Селифана Потапова нашел возле себя поручик, как только стал видеть окружающее и свободно отрывать голову от слежавшейся подушки.
Черные, коротко остриженные волосы, узковатые черные глаза, безбородое желтое лицо. Голова крепко всажена в широкие плечи, длинные руки с большими ладонями и кривыми пальцами неуклюже тянутся вдоль тела. Обведенный глубокой бороздой-морщиной рот растянут в улыбку: белые зубы блестят не то насмешливо, не то радостно.
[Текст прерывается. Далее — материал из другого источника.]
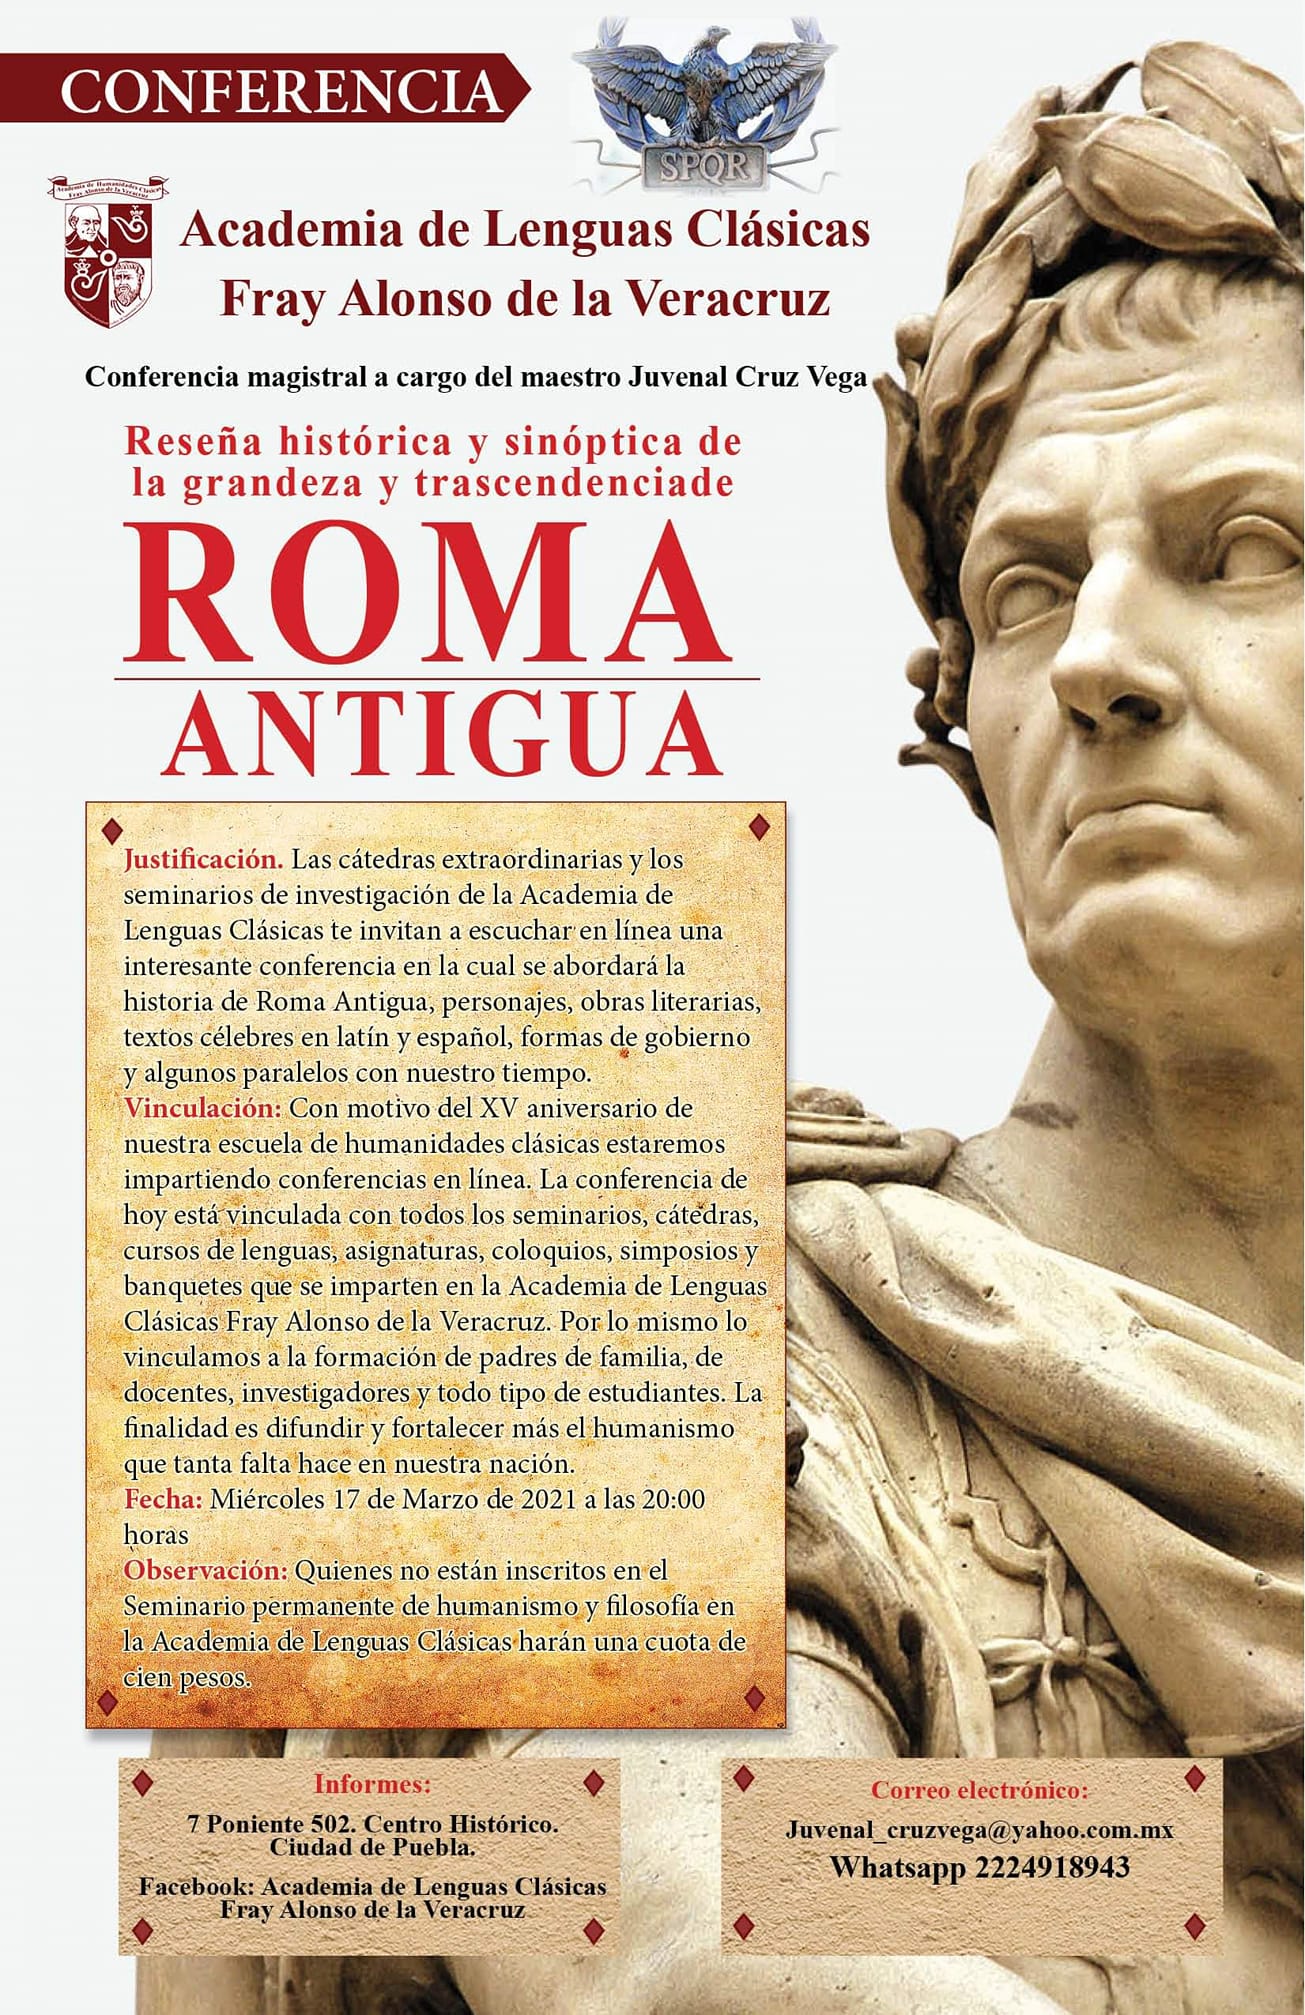 Conferencia Magistral sobre Roma Antigua.   XV Aniversario de la Academia de Lenguas Clásicas Fray Alonso de la Veracruz
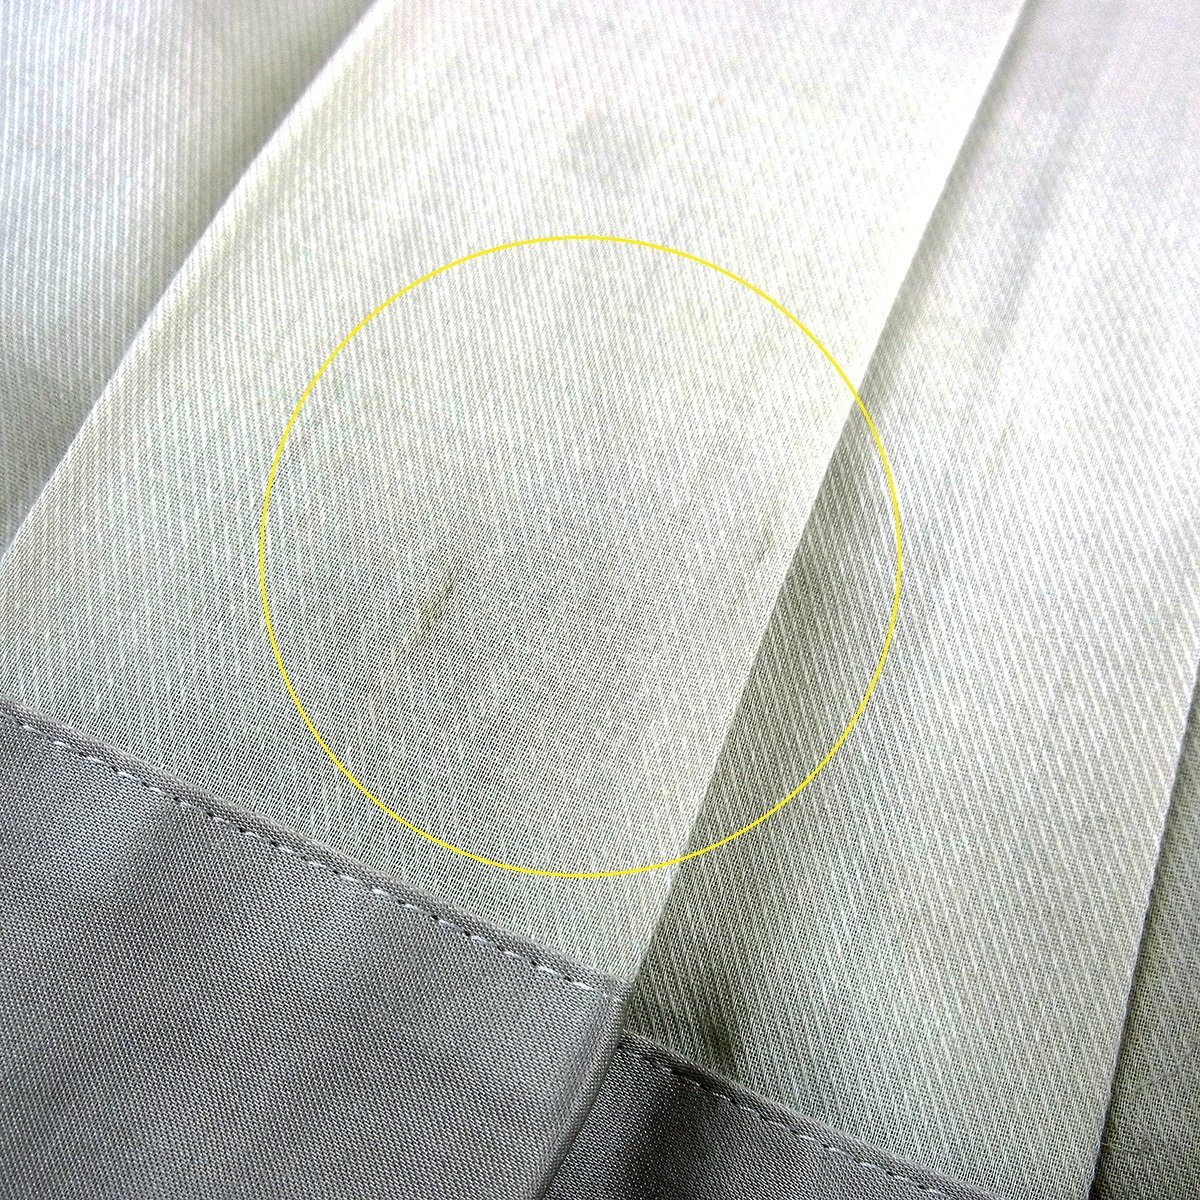  Burberry юбка в складку одноцветный простой серый серия хлопок 57% полиэстер 43% указанный размер :36 BURBERRY LONDON =

Ощупывая быстрым прячущимся взглядом поручика, Потапов скороговоркой отрапортовал (как Войлошникову, тогда -- в насторожившемся молчании избы):
-- Честь имею явиться: комендант города Варнацка Потапов. В городе все обстоит правильно и тихо. Происшествий и бунтов никаких. Жители, вашблагородье, благонадежны. И вопче честь имею поздравить с выздоровлением!..
Канабеевский перекатил голову по подушке, взглянул на Потапова, поморщился недоуменно; перевел глаза на хозяйку, торчавшую у постели:
-- Это, батюшка, начальник наш нонешний... Про его в письме-то тебе, кажись, прописано...
-- А!..
-- Назначенье имею, вашблагородье, от господина капитана Войлошникова. Как уехали они к морю, приказано мне было соблюдать порядок в нашем месте и не допущать бунтов...
-- Каки это бунты?.. -- укоризненно перебила хозяйка. -- Баташь ты, Селифан Петрович!.. У нас места тихие... Ты лучше уйди-ка, вишь, восподин-то умаялся. Ухайдакаш ты его звоном своим... Пойди, пойди!..
Потапов смущенно поморгал, переступил с ноги на ногу и ушел.
Канабеевский устало закрыл глаза.
Каждый день стал являться Потапов с докладом.
Поручик вяло слушал и тосковал.
Льды на стеклах сидели прочно. Морозы делали свое дело. Солнца не было. Было тусклое, неуловимое, неверное сияние, обливавшее предметы и людей сероватой полумглой.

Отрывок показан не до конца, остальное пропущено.